/---

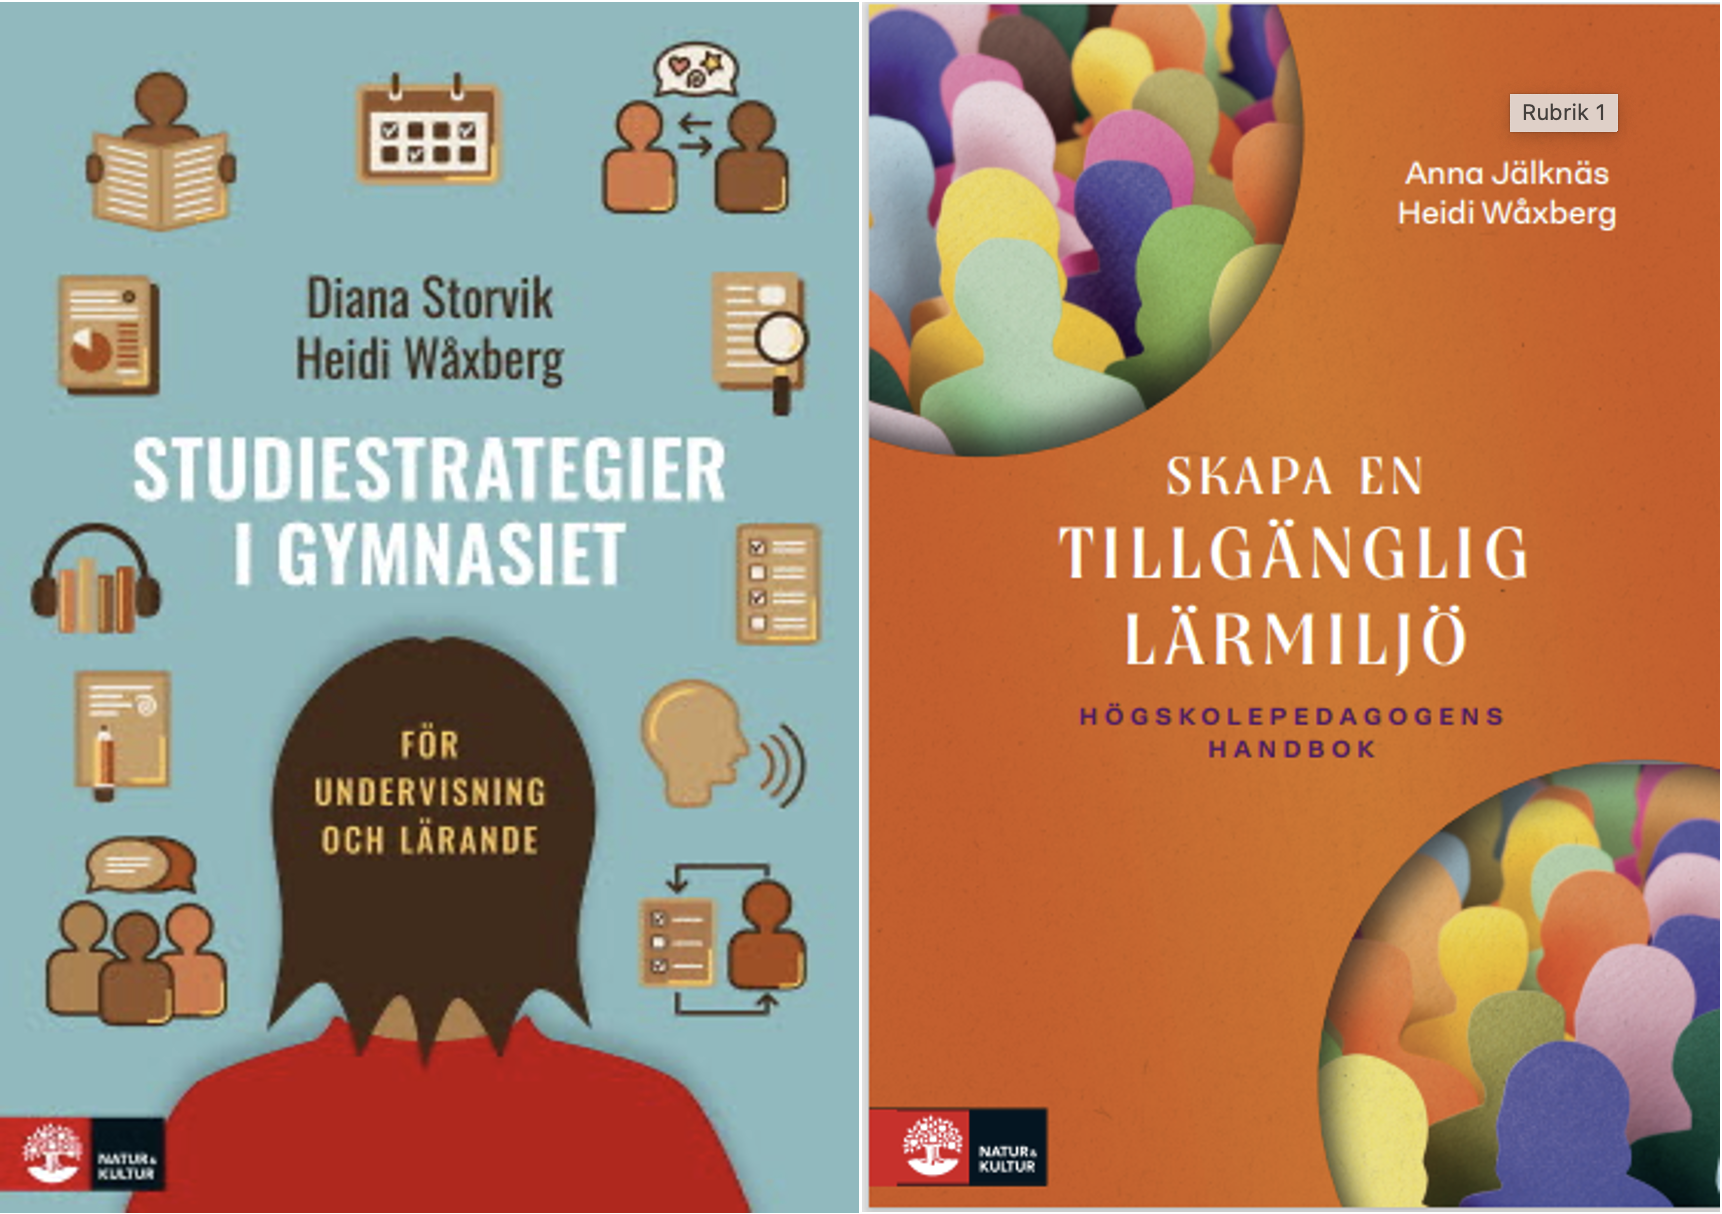 Omslag till  böckerna "Studiestrategier i gymnasiet" och "Skapa en tillgänglig lärmiljö – högskolepedagogens handbok".
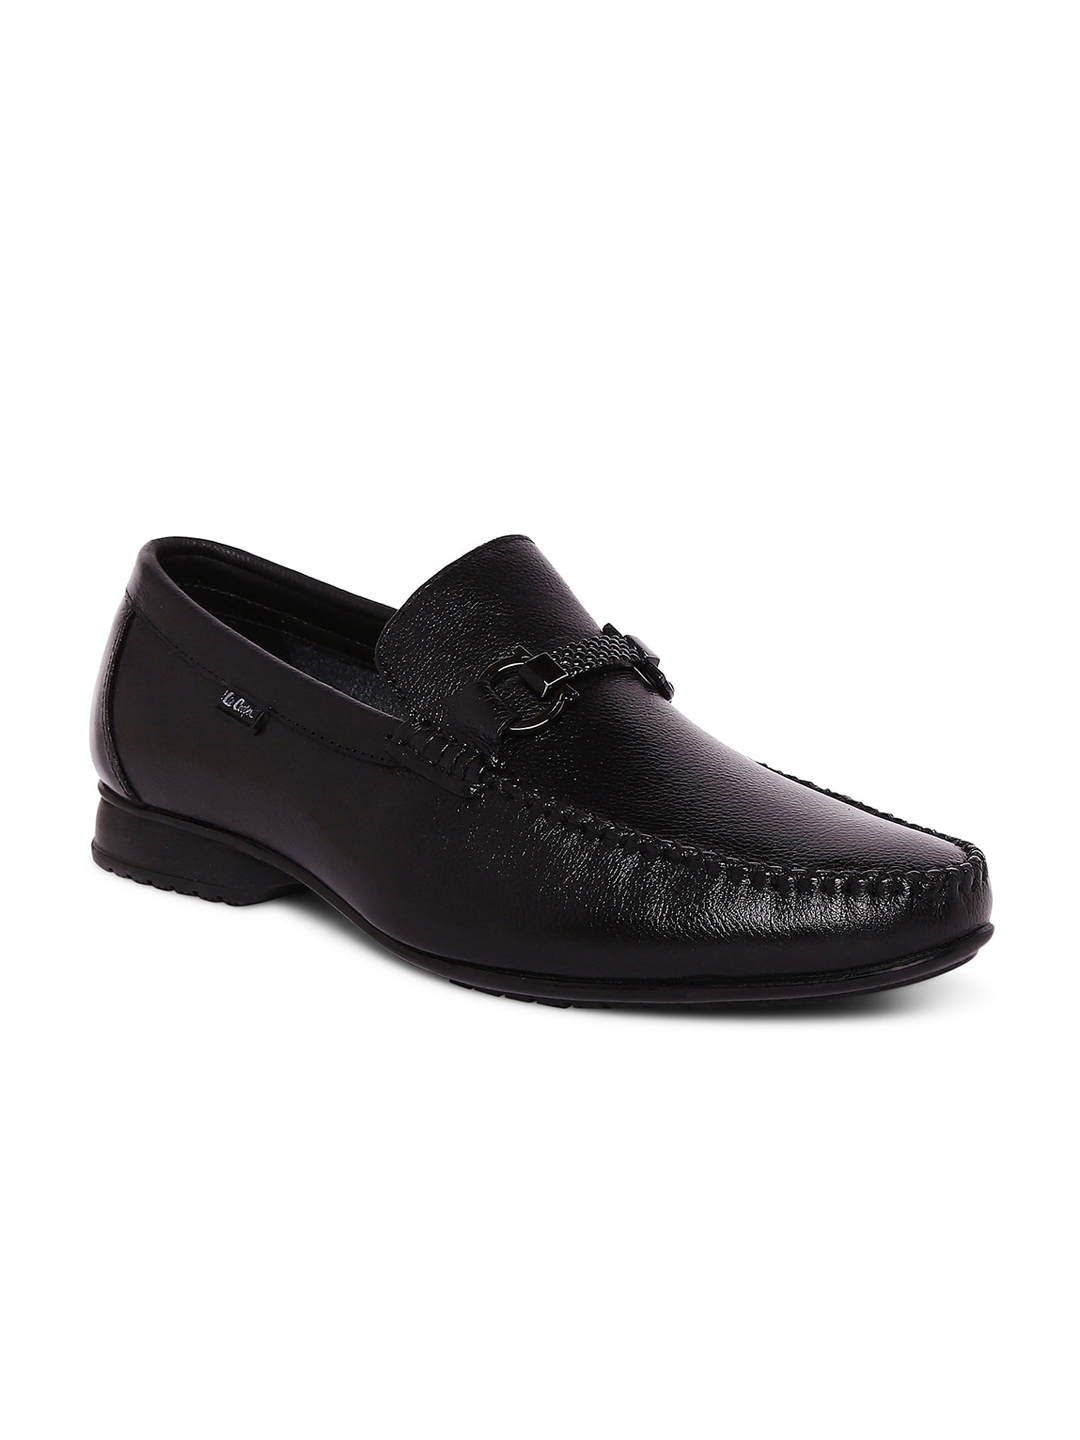 Buy Lee Cooper Men Black Leather Horsebit Loafers - Formal Shoes for ...
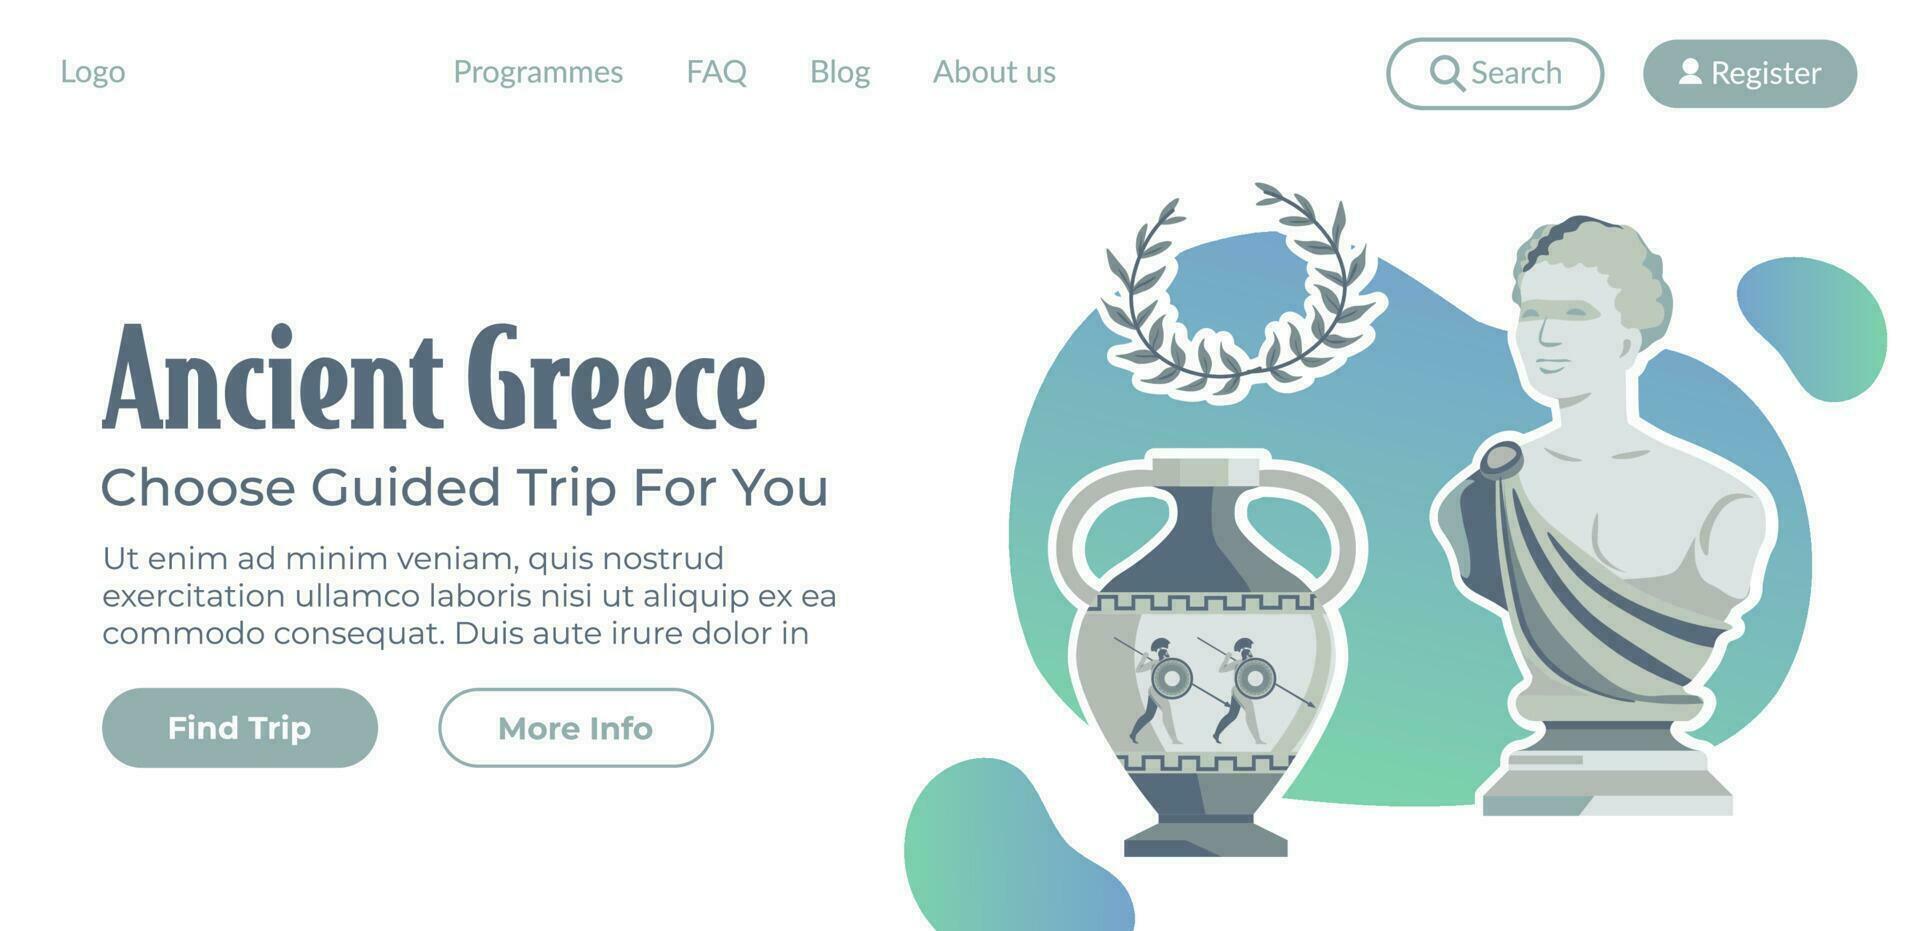 uralt Griechenland wählen geführt Ausflug zum Sie Vektor

\---

* **Task objective**
Could you give the material above again, exactly and without its pictures?

* **Exercise result**
 Omslag till  böckerna "Studiestrategier i gymnasiet" och "Skapa en tillgänglig lärmiljö – högskolepedagogens handbok".
 Buy Lee Cooper Men Black Leather Horsebit Loafers - Formal Shoes for ...
 uralt Griechenland wählen geführt Ausflug zum Sie Vektor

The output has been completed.